Pressure builds on Baltimore Sun labor contract

Daily Record, The (Baltimore), Jun 12, 2003 by Kathleen Johnston Jarboe

Strike preparations continue at The Baltimore Sun as the June 24 contract deadline approaches and key issues affecting its 600-member union remain on the bargaining table.

While newspaper management has begun recruiting and training replacement workers to sell ads, write the articles and take photos in the event of a strike, union members have stepped up efforts to criticize the paper and its new Tribune Co. owner for its bargaining tactics.

"The Sun is spending a lot of money, and has been since the beginning of bargaining, on scabs. You contrast that with what they're doing on the table and the guild has moved a lot and the Sun has offered virtually nothing," said Lori Calderone, a negotiator for the Sun's union.

Efforts to call attention to the Sun's tactics have ranged from protesting at Tuesday night's baseball game between the Baltimore Orioles and Tribune-owned Chicago Cubs to reporters boycotting television appearances on media partner WMAR-TV Channel 2 and asking replacement workers to leave.

The recruiting of replacement workers, which began at least a month before negotiations were scheduled to end, has become one of the sorest points in negotiations.

"The scabs are infuriating people, and I'm sure scaring them as well," Calderone said.

Early Tuesday morning about a dozen union members organized to meet the replacement workers already training at the Sun.

Two vans from the Tremont Hotel in Baltimore dropped off nine workers that morning, but none would take the fliers guild members tried to give them.

"We just want them to understand our point of view," said photographer Amy Davis, who helped in the effort.

Calderone and other guild members have said such recruiting shows Sun management was planning for contract talks to stall.

But management said such actions were a necessary precaution.

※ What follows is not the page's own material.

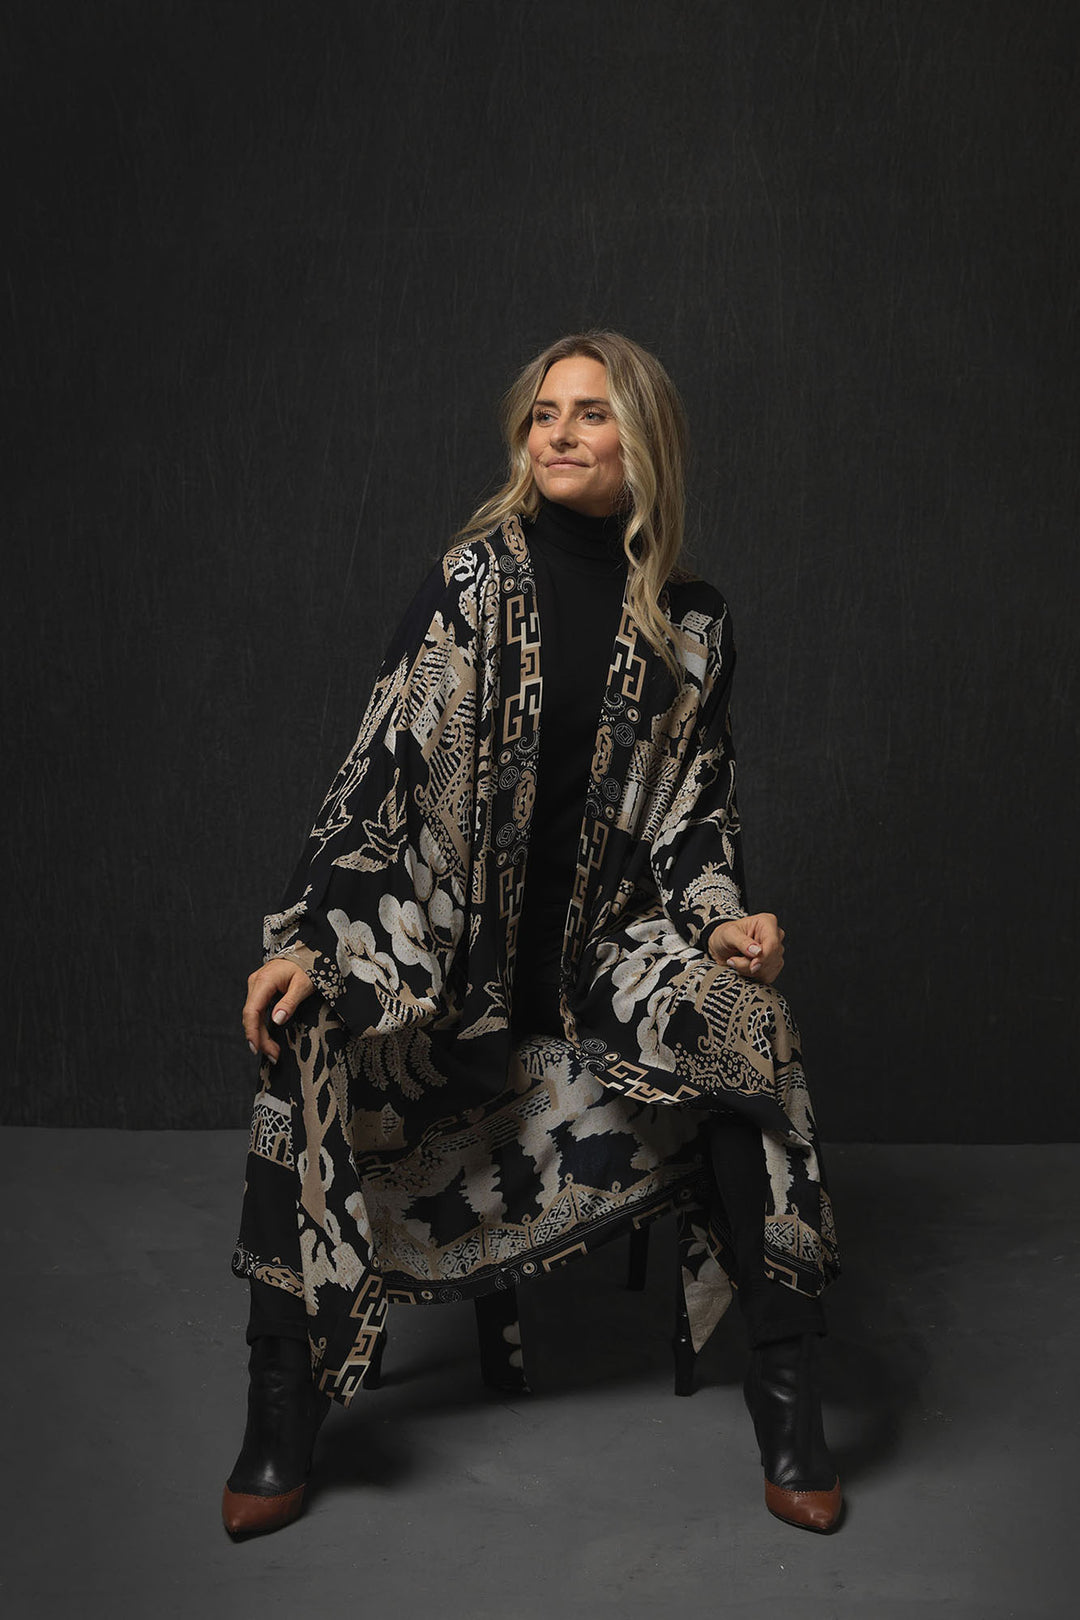 One Hundred Stars Giant Willow Black Crepe Long Kimono- This kimono can be worn two ways, when tied at the back it makes a chic open fronted jacket. Alternatively, it can be worn tied at the front as a closed jacket or dress and secured using the interior waist tie. 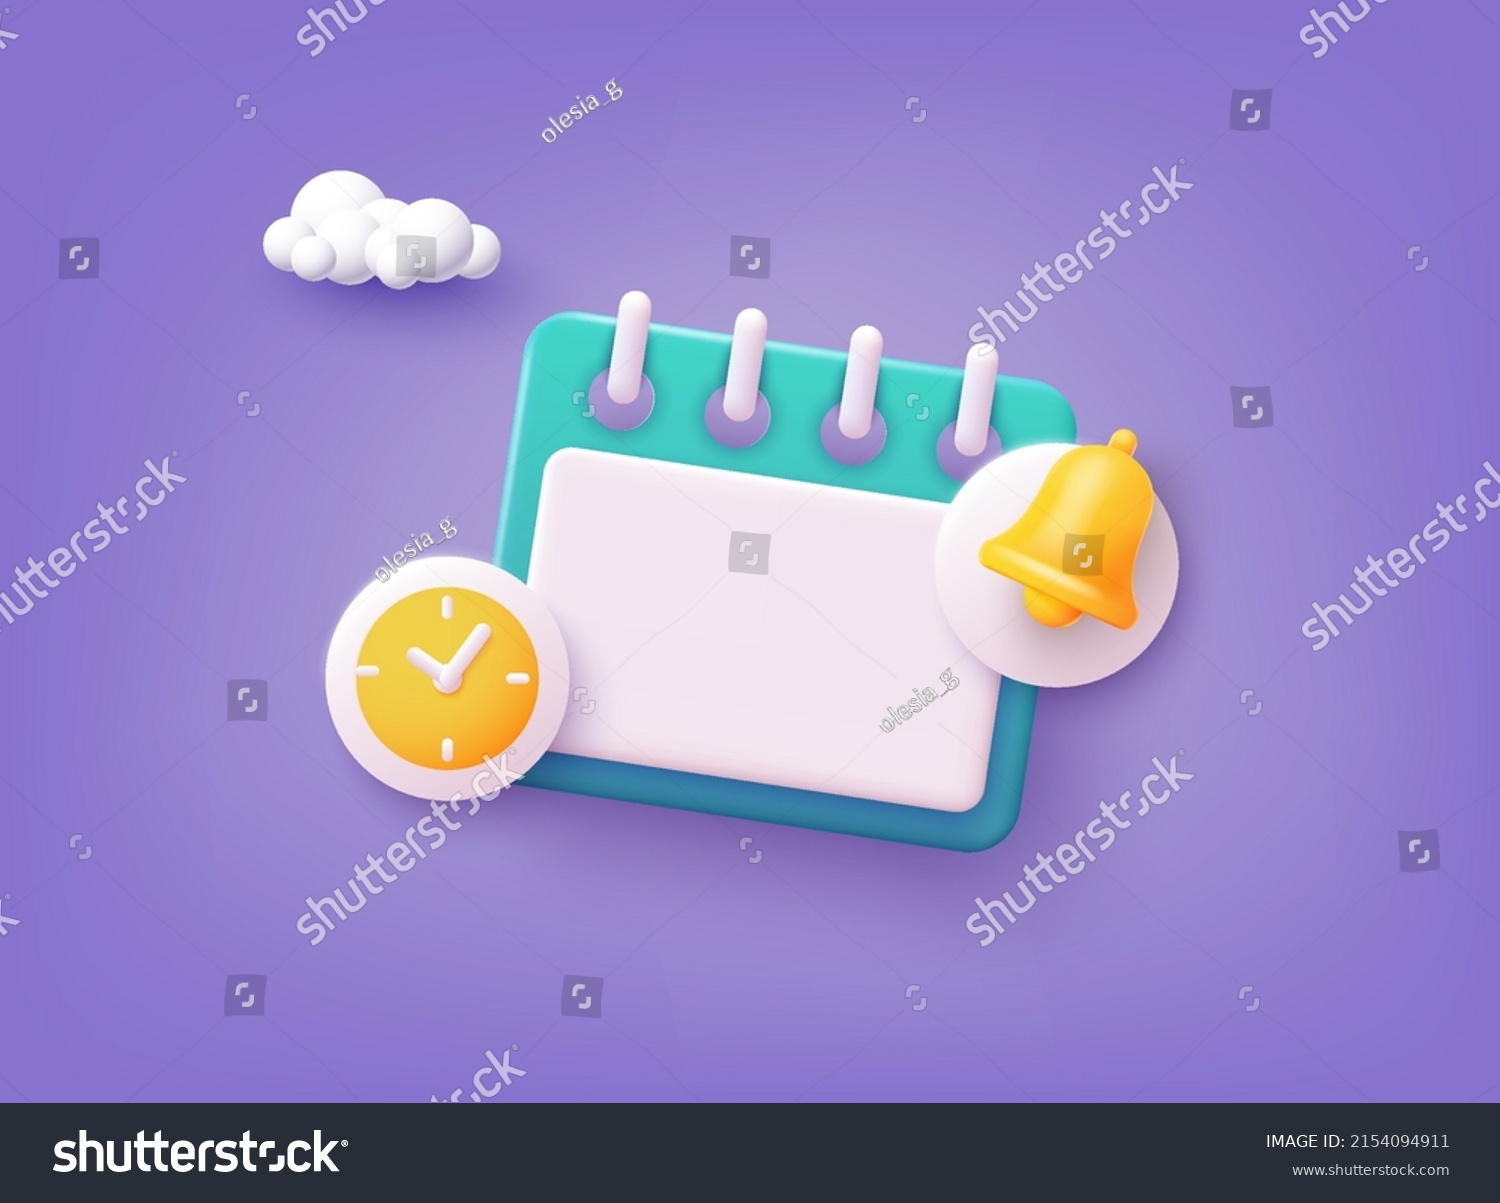 SVG of Calendar icon with notifications icons. Business planning ,events, reminder and timetable. 3D Web Vector Illustrations. svg

"The Baltimore Sun has a promise to this community that it will publish a daily newspaper. And it has kept that promise for more that 30 years," said Mireille Grangenois, vice president of marketing and interactive media.

"We're not going to let a work stoppage ... stop us from publishing," Grangenois said.

To show their good faith in bargaining, management has offered union workers $1,000 bonuses if a contract is approved by the time the current four-year agreement ends.

But union members have called the offer a bribe.

At issue in the labor dispute are company proposals to cut sick days, charge more for health insurance, freeze raises of top earners for a year and allow the company to switch employees to different jobs as needed, regardless of pay differences.

The company says such changes are necessary to compete in the changing media world and mirror agreements made by guild members at its top competitor, The Washington Post.

But guild members say the company has done little to prove the need for such changes and has made few compromises at the bargaining table while the guild has already offered to lower its compensation requests. Union leaders were requesting annual 6 percent increases and have dropped the request to 4.25 percent annually.

"I've never been in a bargaining process where two weeks from the end there has been so little exchange," Calderone said.

The two sides also have disagreed over whether union members should be paid more to appear on television interviews. The newspaper has a content sharing agreement with ABC affiliate WMAR in Baltimore that promotes upcoming stories by allowing its reporters to be interviewed for the channel's nightly news segment.

Last week, some reporters started refusing to appear after interviews with science reporter Frank Roylance and statehouse reporter David Nitkin were pulled because the two wore guild buttons during a May 30 interview. Roylance said they were told the button made too much visual clutter on the screen.

"Everyone has seen news programs on TV and clutter on the screen is the name of the game," Roylance said.

While Nitkin's segment never aired, Roylance said his ultimately was shown though his pin was covered by the ABC logo on the screen.

Roylance and union members doubted the decision was motivated by eye distractions. But WMAR management and Sun management have insisted the move followed station policies. The station does not allow reporters and interviewees to wear pins identifying them with groups outside a story.

"We are not pressured to run anything or put anything by the Sun on the air," said WMAR General Manager Drew Berry.

While negotiations remain tense, a labor expert said a strike was not inevitable.

"We don't have an impasse because at this point neither party has walked away from the table. The issue is when they break off talks, then it gets serious," said Lawrence J. Simpson, who teaches labor relations at the University of Baltimore's Merrick School of Business.

The last time Sun workers went on strike was 1987 when union members stopped work for six days over changes to the cost they paid for health insurance.

In 1965, a 65-day strike ended when customers started canceling subscriptions of the daily newspaper.